Methods:We analyzed transcriptomic data from patients with HCC. Hepatocyte-specific KCTD17 deficient mice were treated with diethylnitrosamine (DEN) to assess its effect on HCC progression. Additionally, we tested KCTD17-directed antisense oligonucleotides for their therapeutic potential in vivo.

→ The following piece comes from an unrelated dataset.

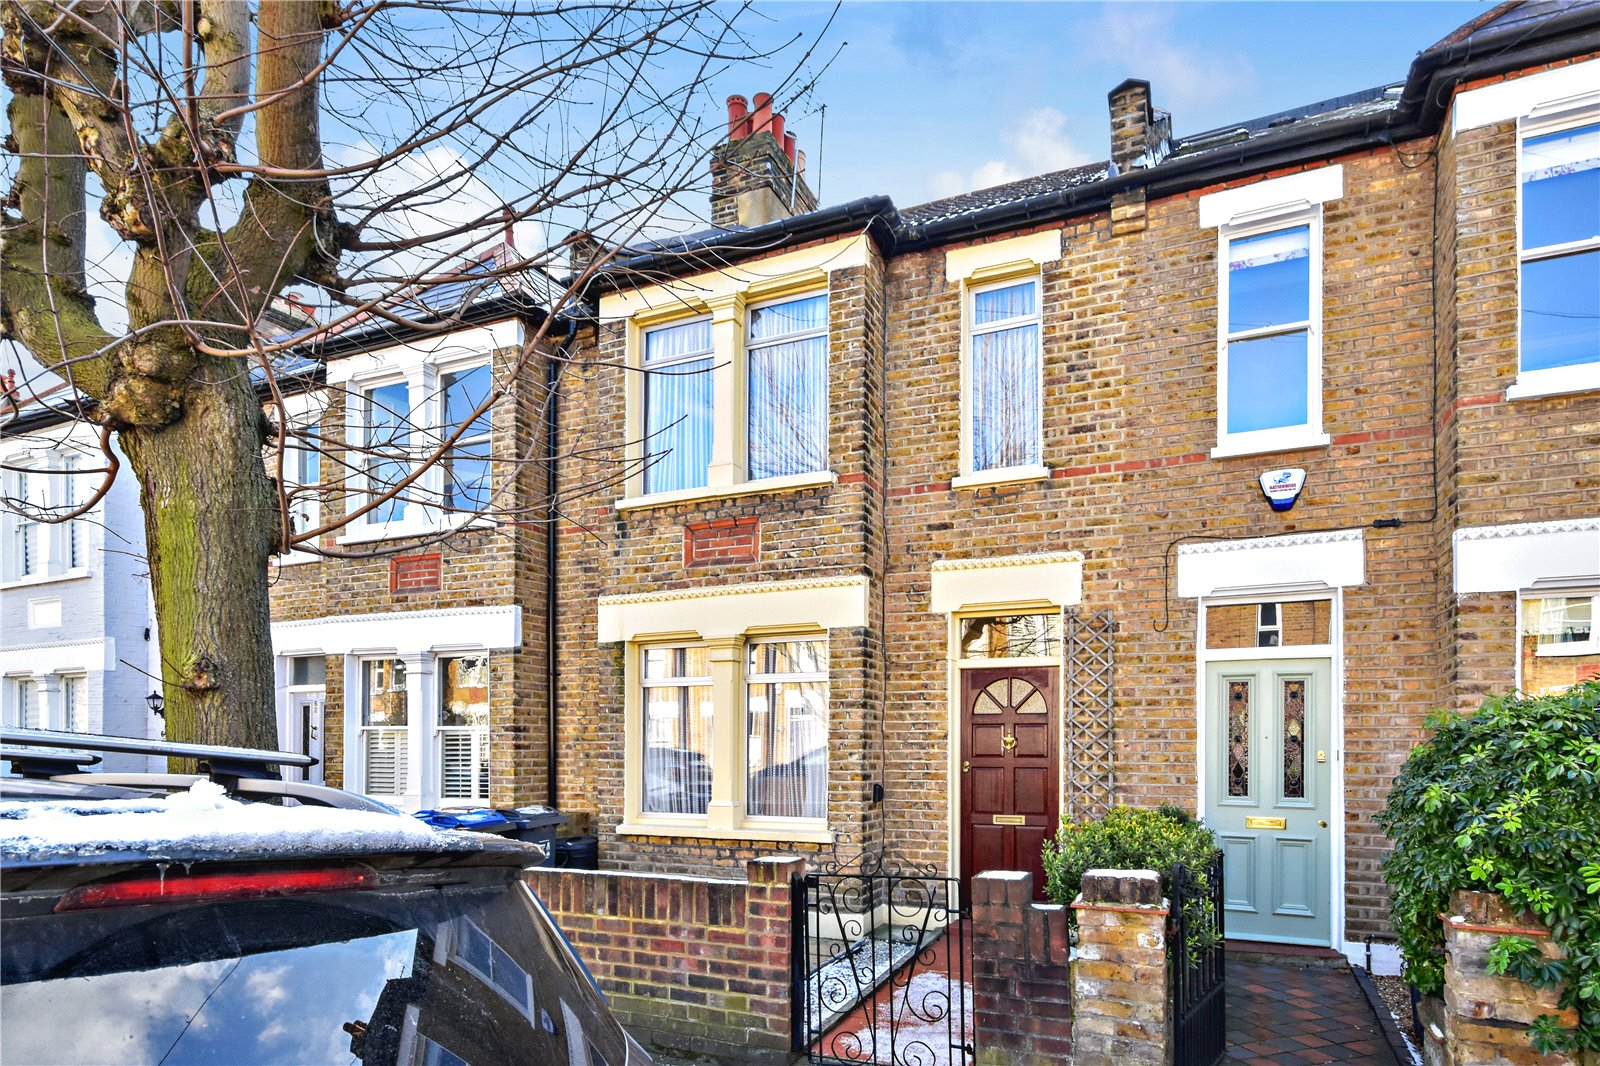 Florence Road, Wimbledon, London, SW19

Results:Our investigation revealed the upregulation of KCTD17 expression in both tumors from patients with HCC and mouse models of HCC, in comparison to non-tumor controls. We identified the leucine zipper-like transcriptional regulator 1 (Lztr1) protein, a previously identified Ras destabilizer, as a substrate for KCTD17-Cul3 complex. KCTD17-mediated Lztr1 degradation led to Ras stabilization, resulting in increased proliferation, migration, and wound healing in liver cancer cells. Hepatocyte-specific KCTD17 deficient mice or liver cancer xenograft models were less susceptible to carcinogenesis or tumor growth. Similarly, treatment with KCTD17-directed antisense oligonucleotides (ASO) in a mouse model of HCC markedly lowered tumor volume as well as Ras protein levels, compared to those in control ASO-treated mice.
Conclusions:KCTD17 induces the stabilization of Ras and downstream signaling pathways and HCC progression and may represent a novel therapeutic target for HCC.